A governing body would establish the parameters various activities would operate under, whether generic finds or formalized tournaments.


I could see a cache owner referencing it to legitimize his deletion of a found log when the book wasn't signed.


I can see a function like the now defunct GPS Goldrush adopting it for a day-long caching competition.


I could see it being used state-wide in a region over the course of a year. I could see it implemented at a weekend event.


Either way, the practices should be devices in a general enough fashion to be applied to each circumstance.


Each event organizer would have additional event-specific rules but be sanctioned within the overall standards.


'Twould be akin to NASCAR, or the USTA or any other organizing body sanctioning something, be it tournament, amateur challenge or casual outings.


Ah, better example, the US Chess Federation. It covers professional tournaments, amateur tournaments, different levels, casual club play, standard chess and speed chess--totally different games! There are governing practices that can be applied to all that are adopted in each circumstance. In any of those circumstances, I know if someone "test" moves a piece and removes their finger from it, I'm free to immediately act without being considered rude even if it was a tragic blunder on their part. Such does eliminate objections and sore points--and has!


It also opens up various individual stat options.
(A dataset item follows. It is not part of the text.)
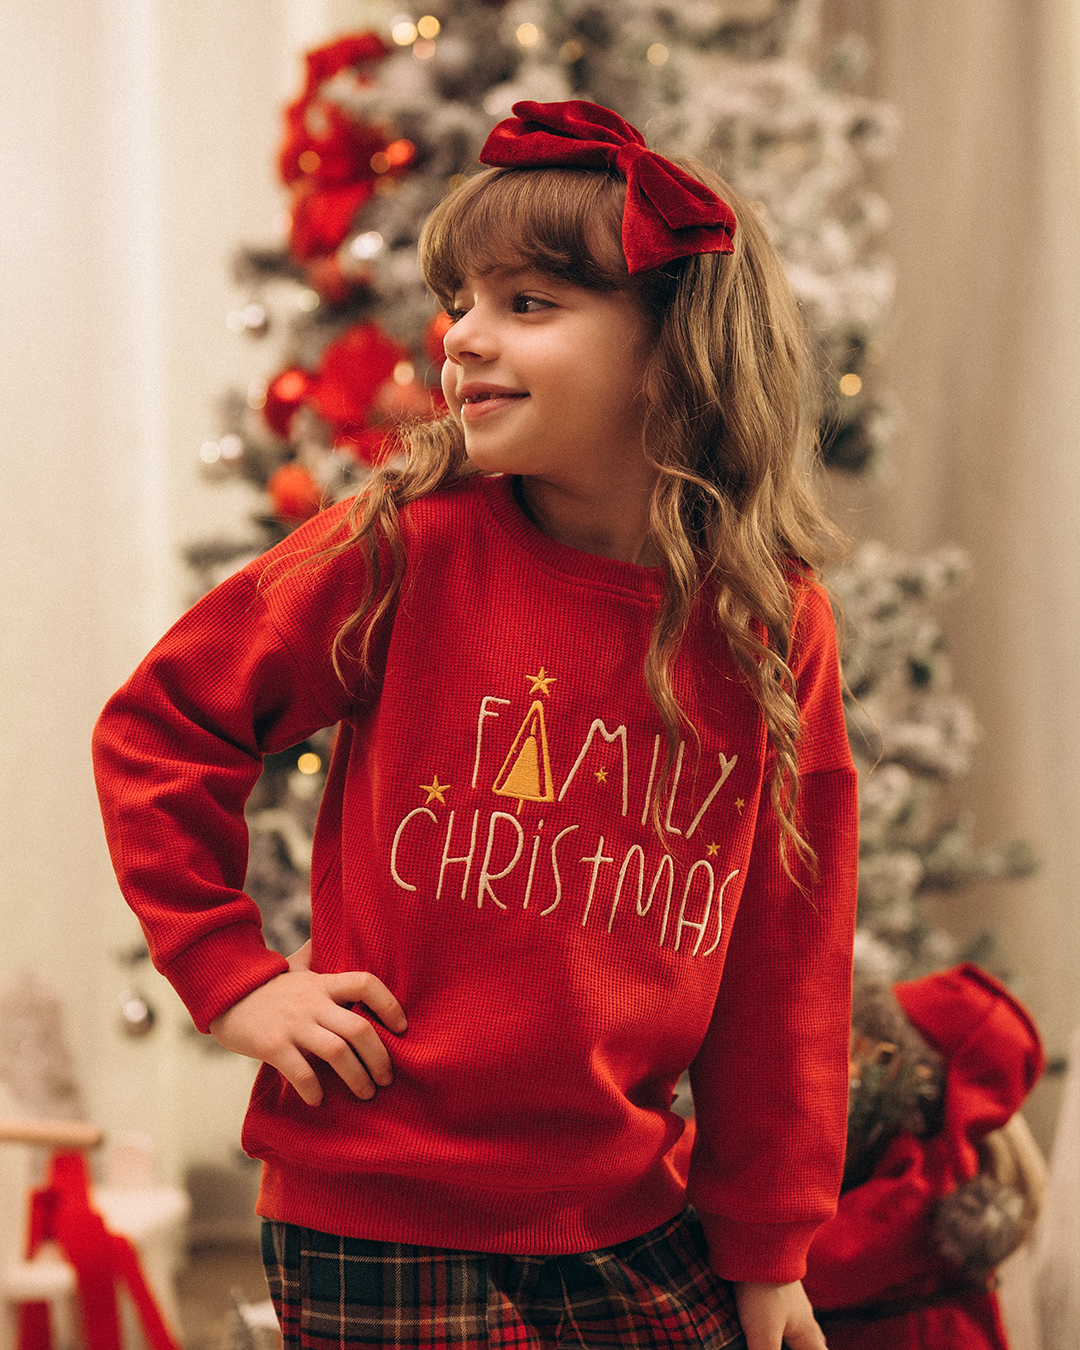 Unisex Christmas Pajama Embroidered Family Christmas

You could choose to enter whichever function you desired, FTF'ing in your region, max finds, max found in a year, in your region, etc.


The governing body wouldn't necessarily run any functions themselves--but might simply bring objective legitimacy to various functions.


Who knows, the infamous Magellan contest last year might have run more smoothly if they subscribed to such standards! (Although their issues were more hide-related than find-related.)